Shipping season closes at Thunder Bay

Potash shipments helped make for a busy year at the Port of Thunder Bay.  | Reuters/David Stobbe photo

Last year’s 7.3 million tonnes in grain volumes were below the previous year but above the five-year average

Another shipping season has come to an end at the Port of Thunder Bay.

The last grain vessel of the 2017 shipping season, CSL Laurentian, left port Jan. 4.

Port officials said total grain volumes for the 2017 season were 7.3 million tonnes.

That’s slightly below the 7.5 million tonnes shipped in 2016 but higher than the port’s five-year average of 7.1 million tonnes.

Total cargoes were estimated at 8.84 million tonnes, well above the port’s five-year average of 8.29 million.

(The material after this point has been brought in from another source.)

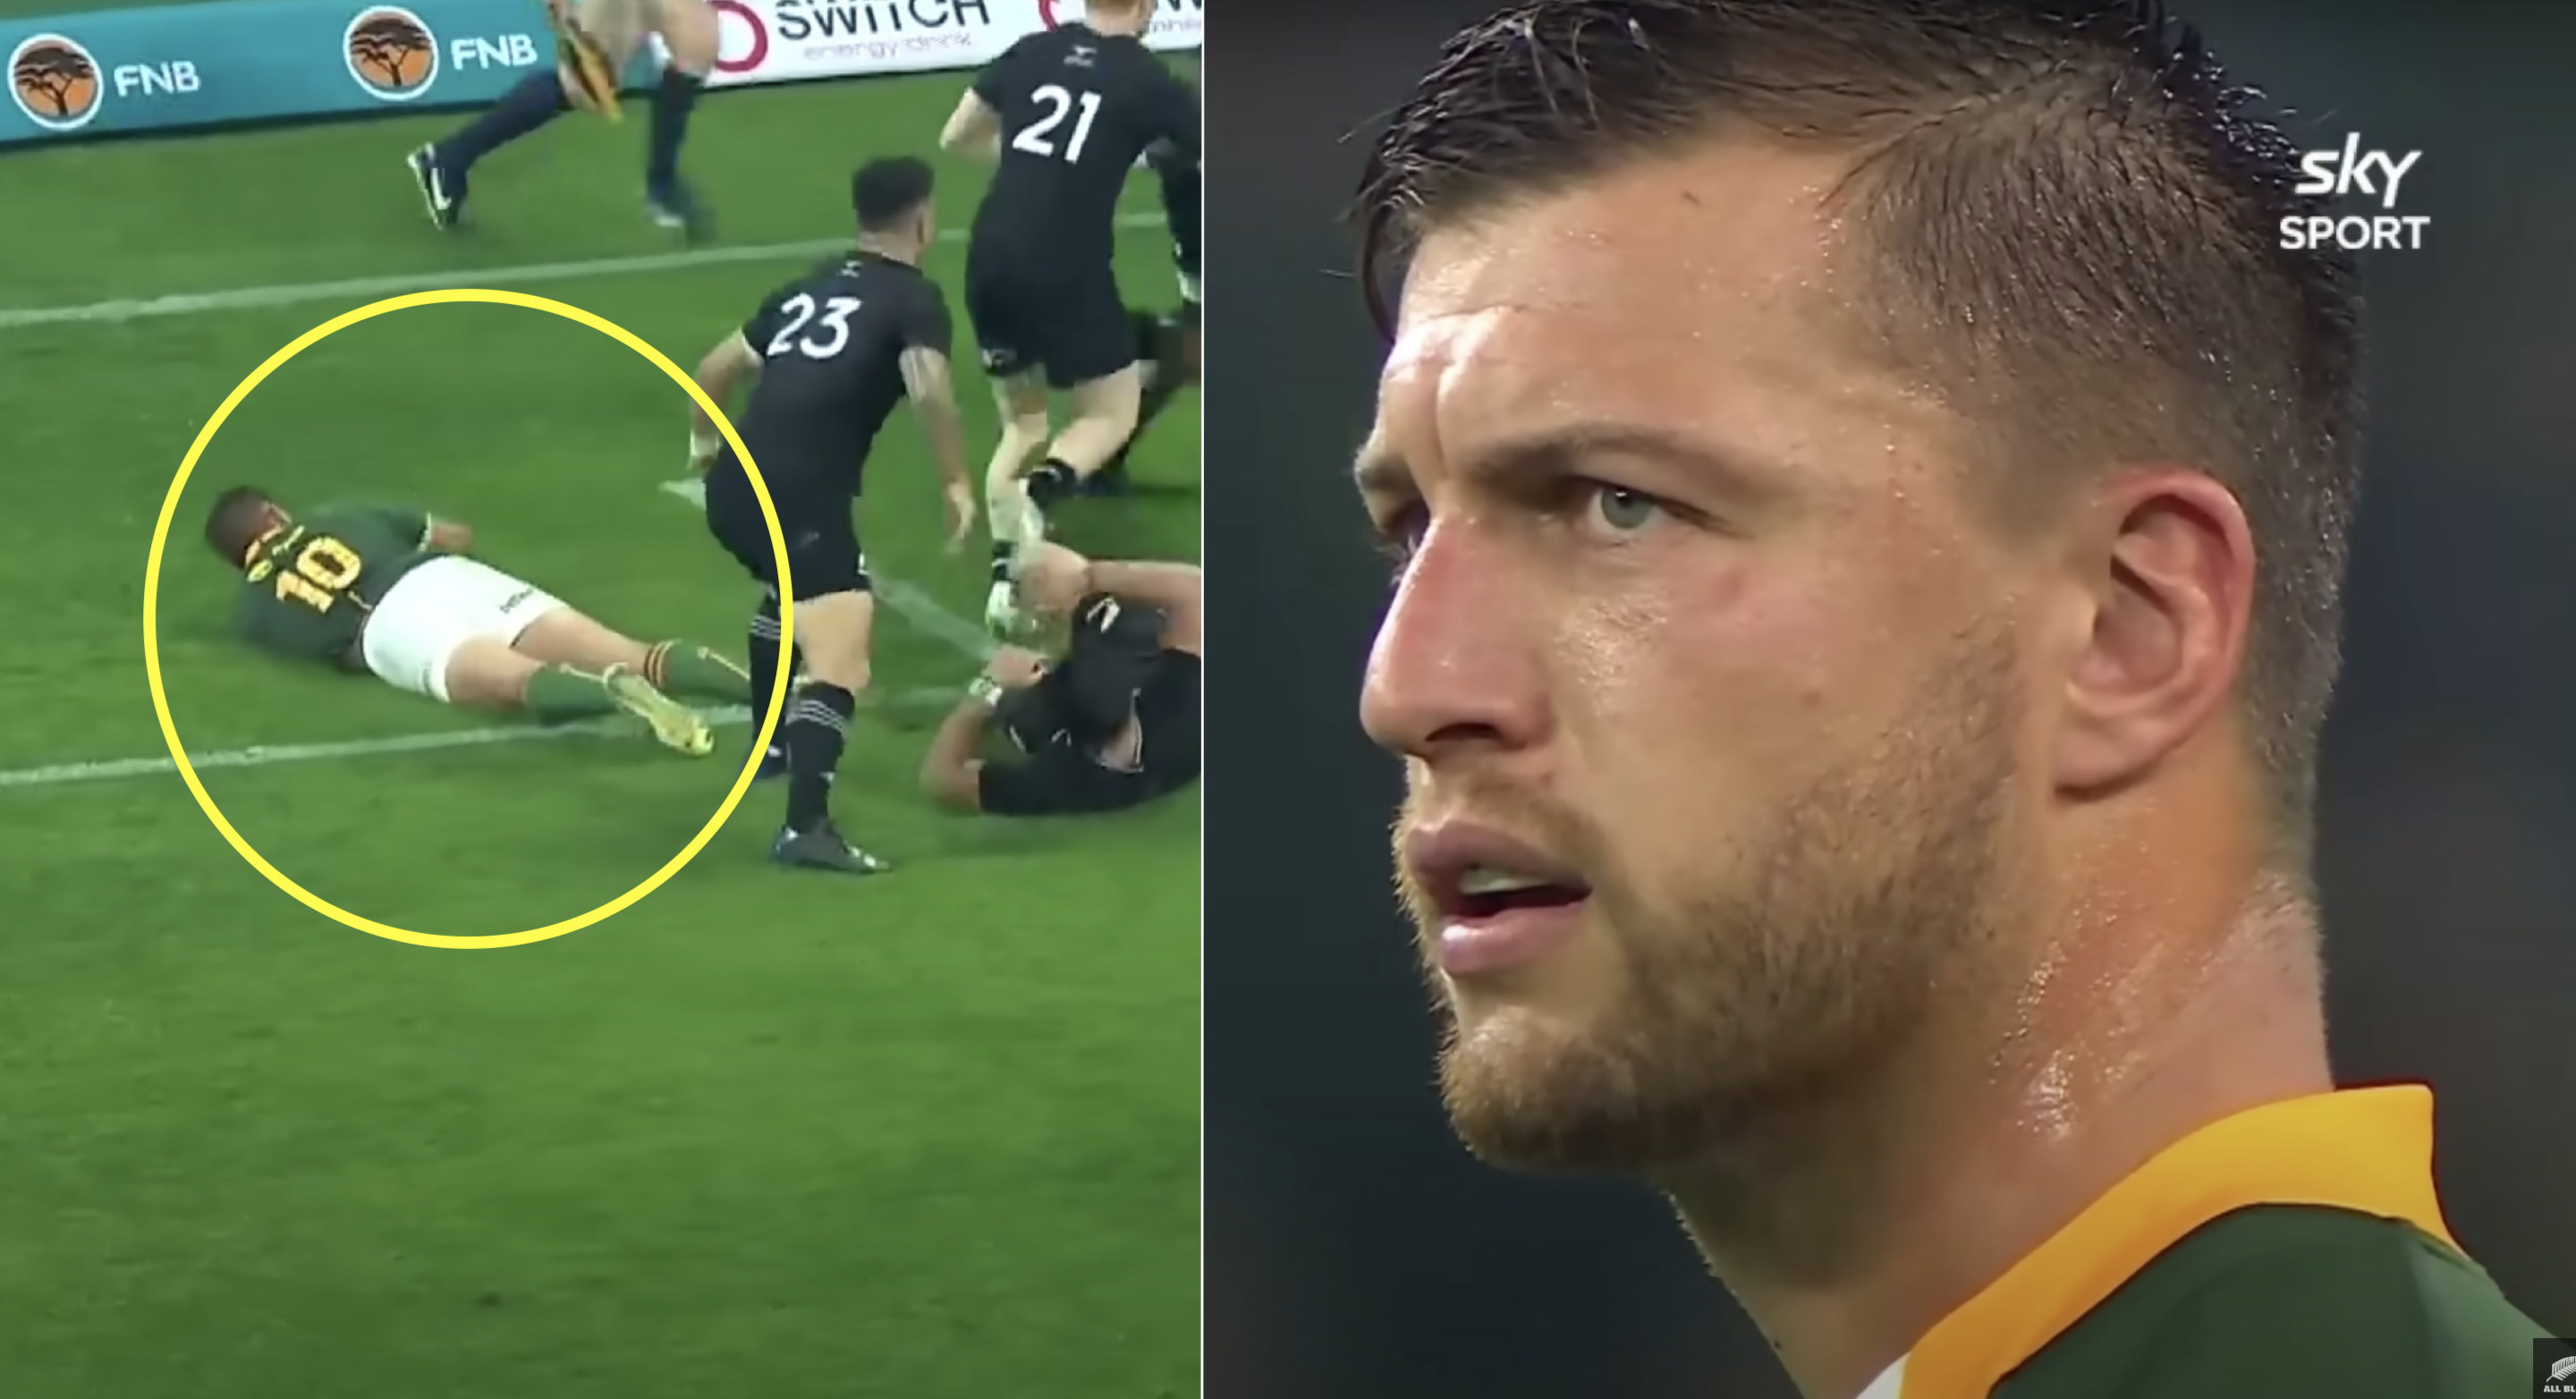 Handre Pollard floored twice in one minute by same All Black

Grain shipments typically account for 85 to 90 percent of the port’s total cargo volumes.

Despite slightly lower grain shipments in 2017, the port had a busy year.

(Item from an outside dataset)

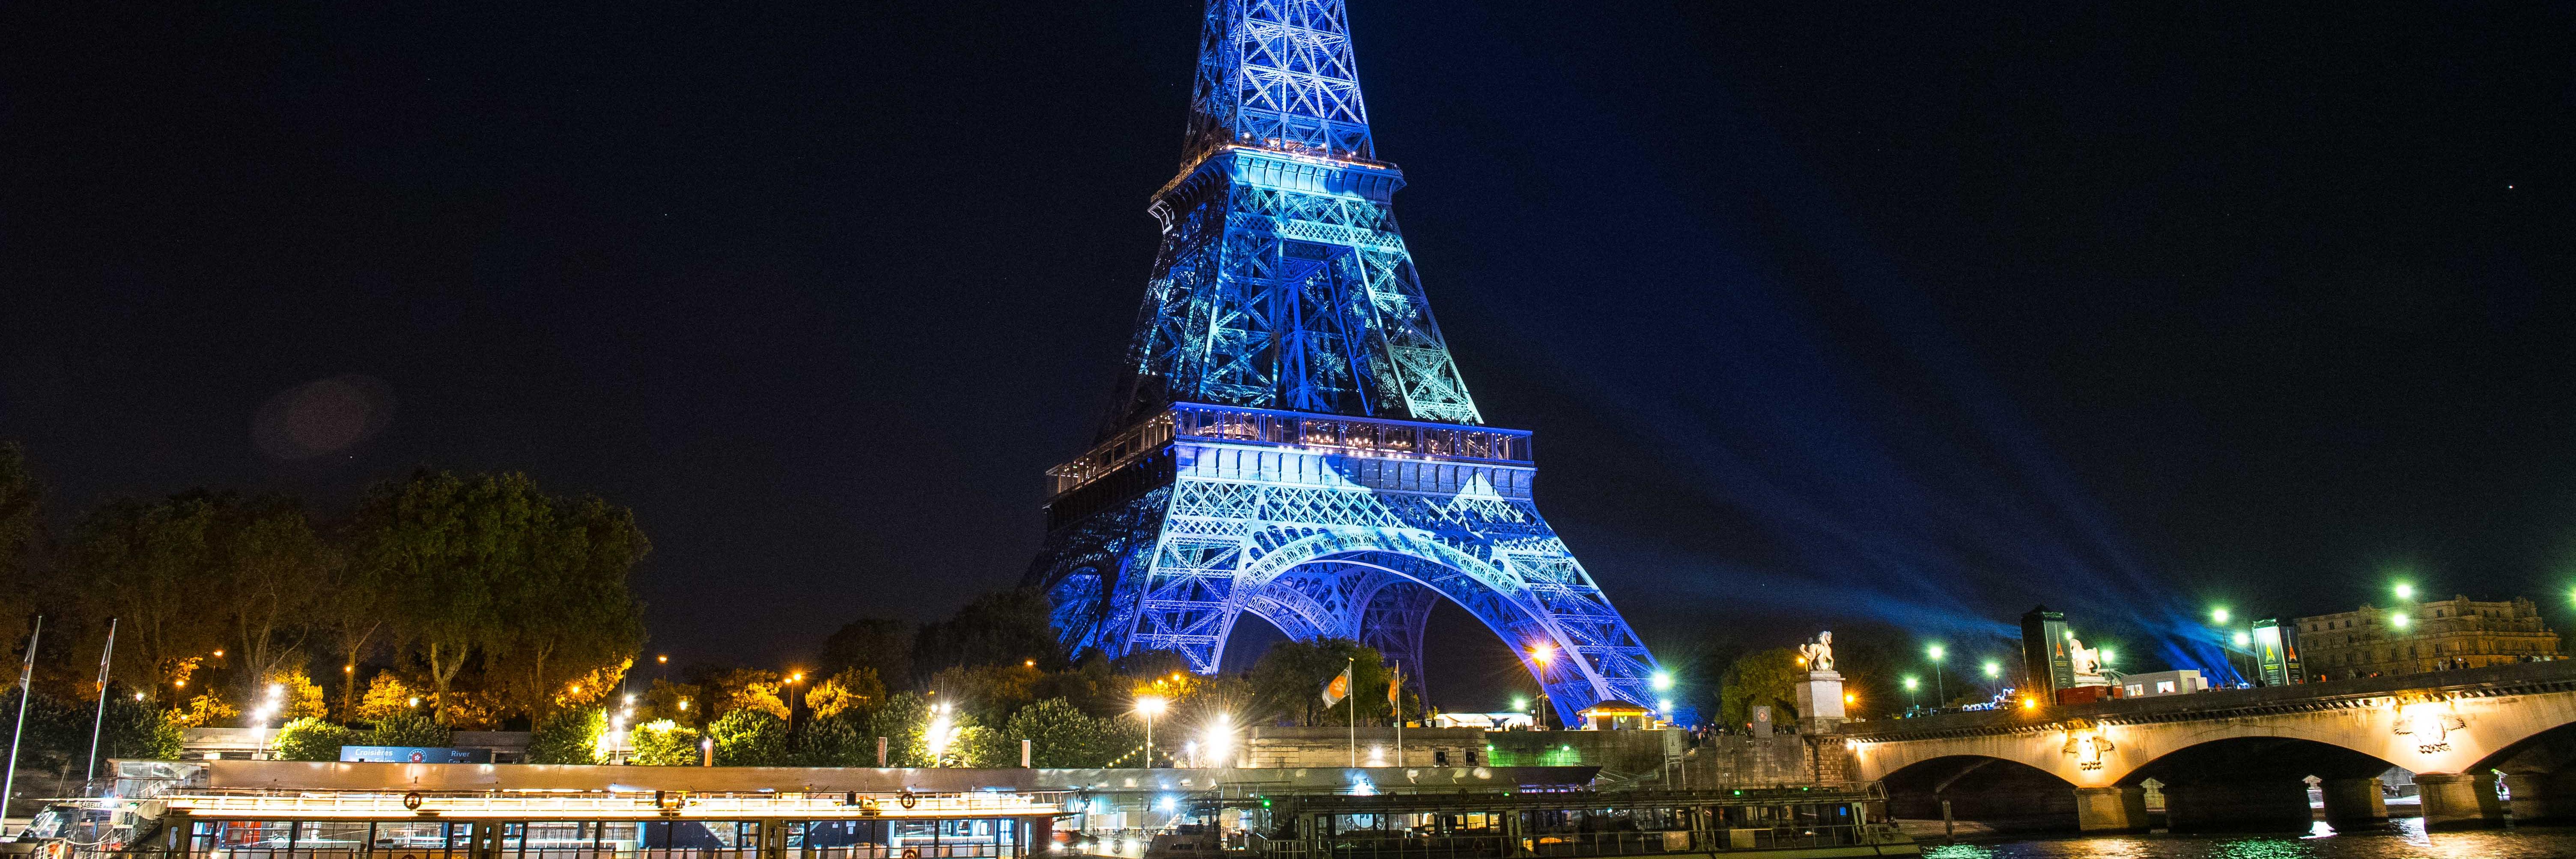 photo: the Eiffel Tower light show as part of the Japonismes 2018 celebrations

Potash volumes exceeded 526,000 tonnes in 2017, up sharply from the 332,000 tonnes shipped a year earlier.

The port’s five-year-average for potash is 286,000 tonnes.

The last time potash shipments exceeded 525,000 tonnes was 2007.

As many as five vessels are expected to anchor at Thunder Bay this winter.

Those ships, combined with larger-than-usual grain stocks at the port as of late December, suggest that shipping activity could increase quickly in 2018, once navigation routes re-open.

The Thunder Bay shipping season usually begins in late March or early April, depending on weather and ice conditions.